It’s no surprise that the folks behind Article 24 are aiming to make their mark on the Brighton culinary scene when they open in April. But they’re also looking to contribute to the cultural scene. Works by local artists such as Markus Sebastiano hang on the walls inside the two-floor restaurant; an alcove of the upstairs dining area doubles as a spot for local bands to set up for late-night shows. And in another corner sits a DJ booth, which will rock from 10 pm till 2 am on Friday and Saturday nights when there’s no live music. Saturday brunch will have a different theme each week, with the focus ranging from EDM to reggae to ’90s hip-hop to a gay brunch with drag queens.

“We want to be a fun, energetic spot that is collaborating with the community in the arts, not just with the visual art but with the music,” says general manager Britney Achin.

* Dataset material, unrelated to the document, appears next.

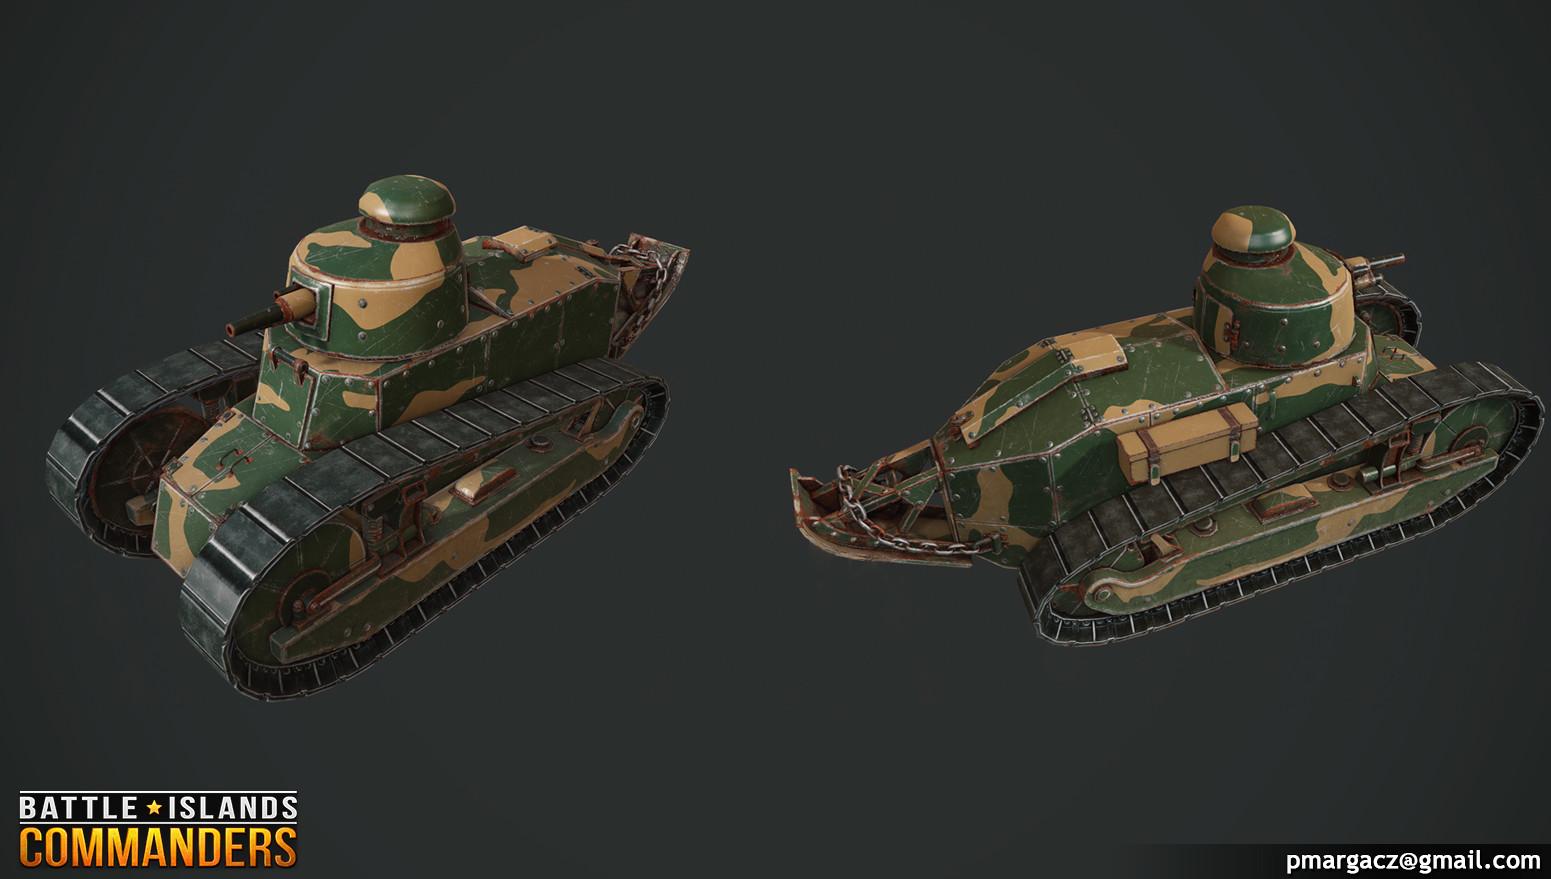 Pawel margacz lighttank2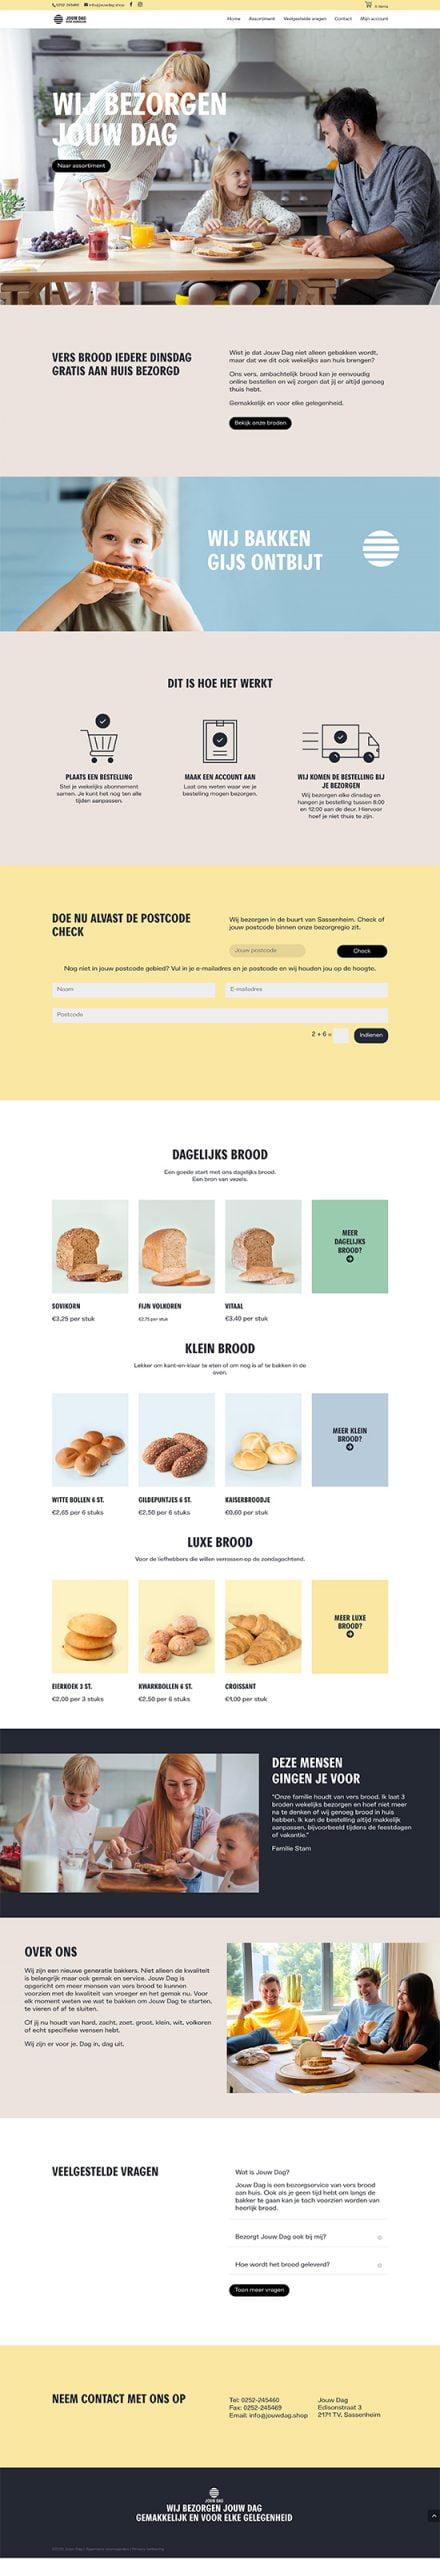 Jouw Dag Brood

The main focus, however, remains on the food, and customers can expect an eclectic menu similar to those of the Neighborhood Restaurant Group’s other eateries: Southie’s Local 149, Newton’s Biltmore Bar & Grille and Reading’s Biltmore and Main. Mark Allen (Le Soir, Towne) helms the kitchen, which will turn out a mix of entrees, shareable plates and bar bites. The mac-n-cheese fritters and hog wings (aka pork shanks) that are popular at the group’s other restaurants are on the menu alongside more than 40 other dishes, from toast to tacos and ramen to Asian-glazed salmon with housemade crab Rangoon.

“The idea is to have something for everyone. It’s an area that’s growing so fast, and there’s so many different types of people in that sort of crossroads of Brighton,” Achin says. “There’s a pretty hearty vegan and vegetarian selection as well because we want to make sure we’re appealing to that part of the community.”

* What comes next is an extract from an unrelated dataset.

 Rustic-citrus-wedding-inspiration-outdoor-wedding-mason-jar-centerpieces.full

Bar manager Gary Janes is planning to have a variety of craft cocktails with a focus on fun: Think wine slushies and adult milkshakes. That vibe should fit in well with the decor at Article 24, which Achin describes as “vintage garage with a rockabilly sensibility.” The upstairs island bar seats 20, while the dining area is expected to seat 90. The downstairs bar area will have a capacity of 35 and can cater to private events as well as offer a counterbalance to the upstairs atmosphere.

“Downstairs is going to be a little moodier,” Achin says. “There’s a fireplace; there’s going to be plush leather, wingtip chairs. It’s going to be a completely different mood from the frenetic energy of the upstairs.”

Article 24 458 Western Ave., Boston.